Source material:
=== Begin Enclosure ===

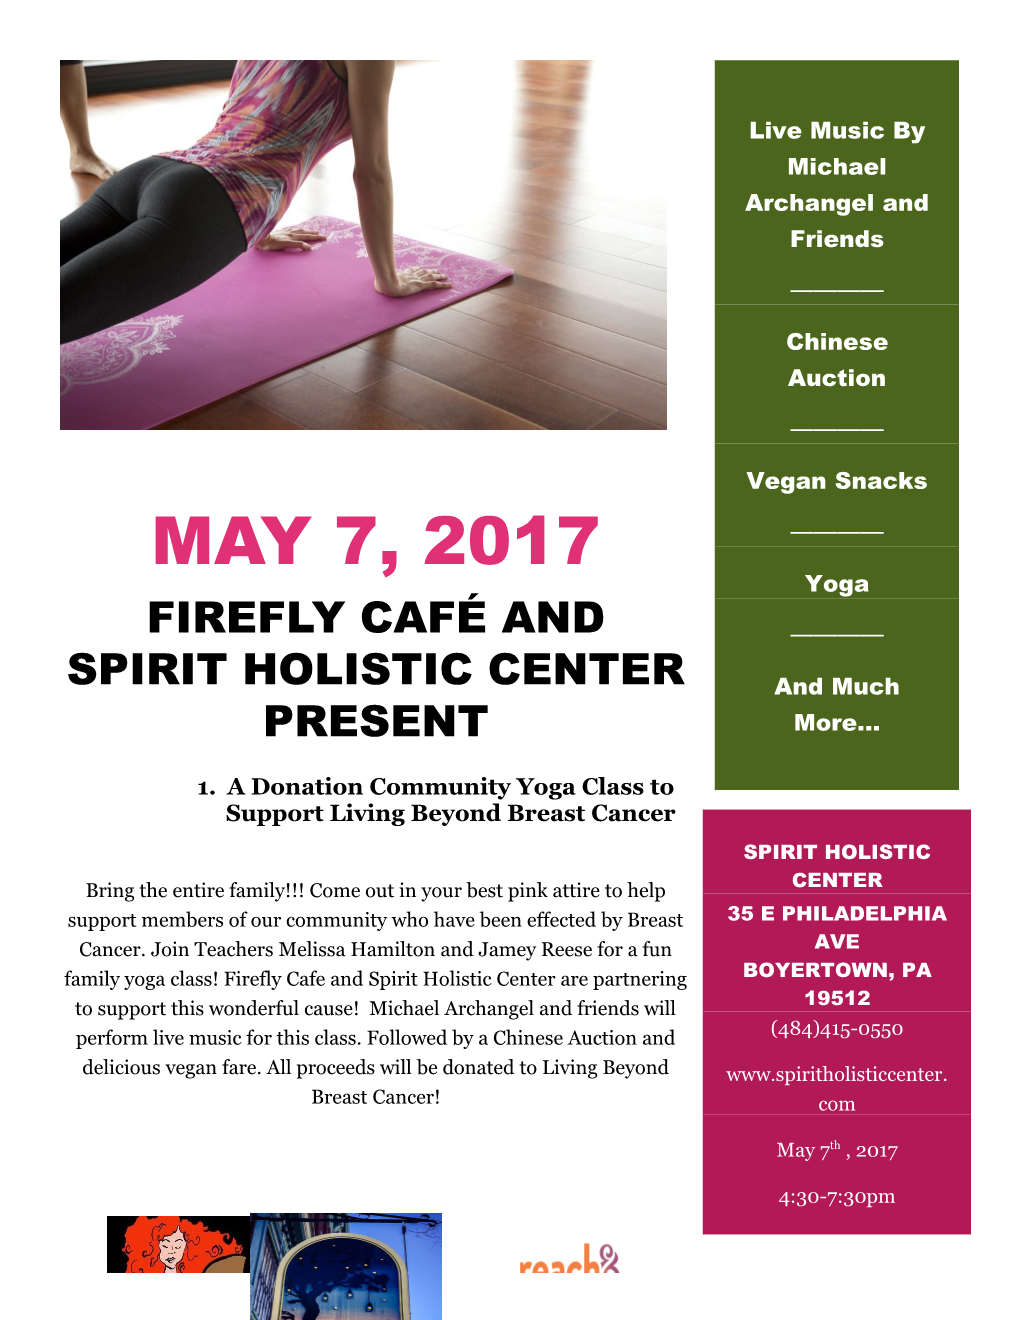 A Donation Community Yoga Class to Support Living Beyond Breast Cancer
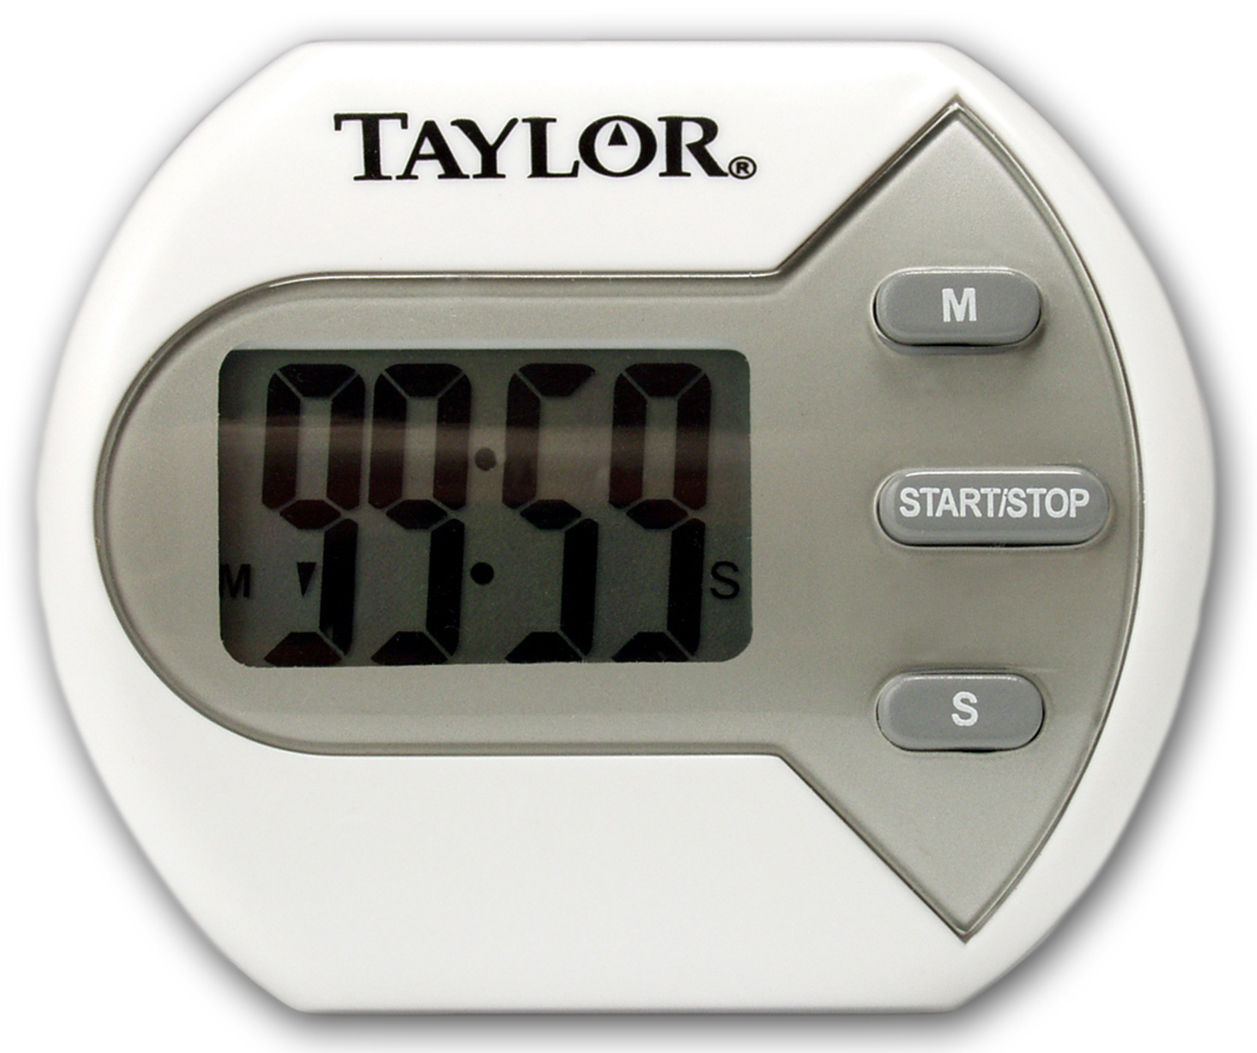 Taylor Super Loud 95DB Digital Kitchen Cooking Timer Countertop White  Silver
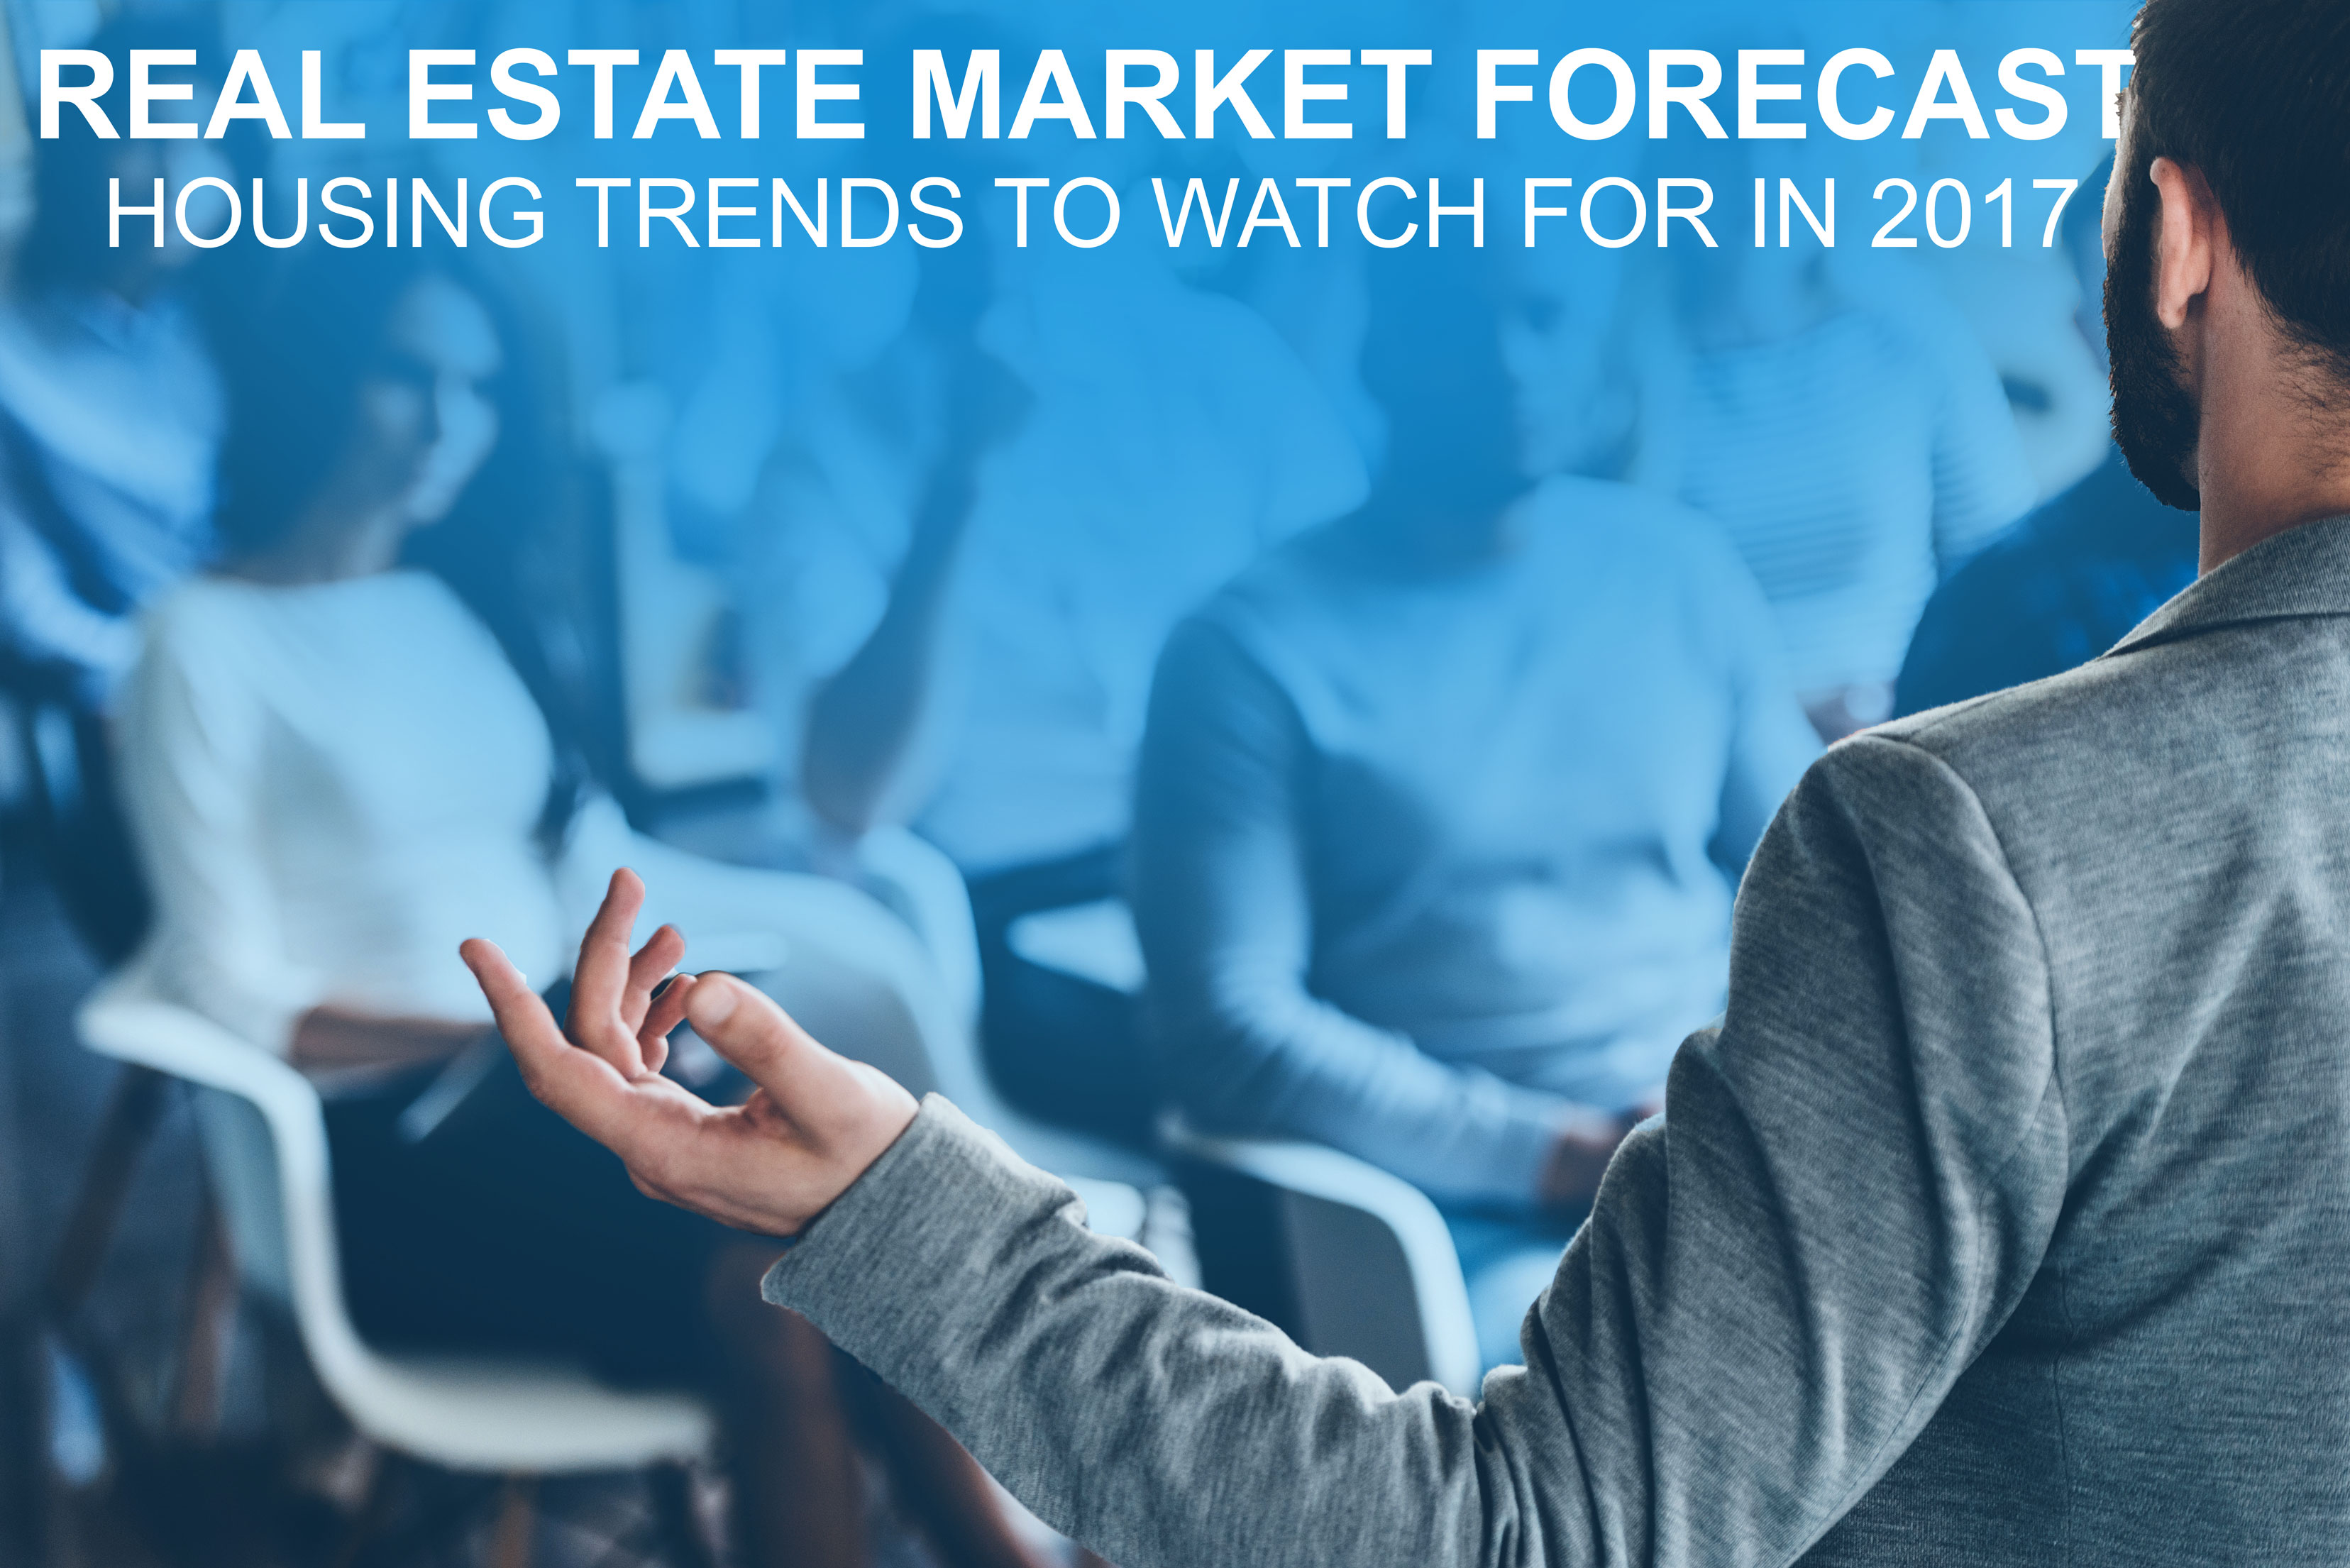 Real Estate Market Forecast: Housing Market Trends to Watch For in 2017

=== End Enclosure ===

Output the full listing verbatim, but drop the images.

Result below:
 A Donation Community Yoga Class to Support Living Beyond Breast Cancer
 Taylor Super Loud 95DB Digital Kitchen Cooking Timer Countertop White  Silver
 Real Estate Market Forecast: Housing Market Trends to Watch For in 2017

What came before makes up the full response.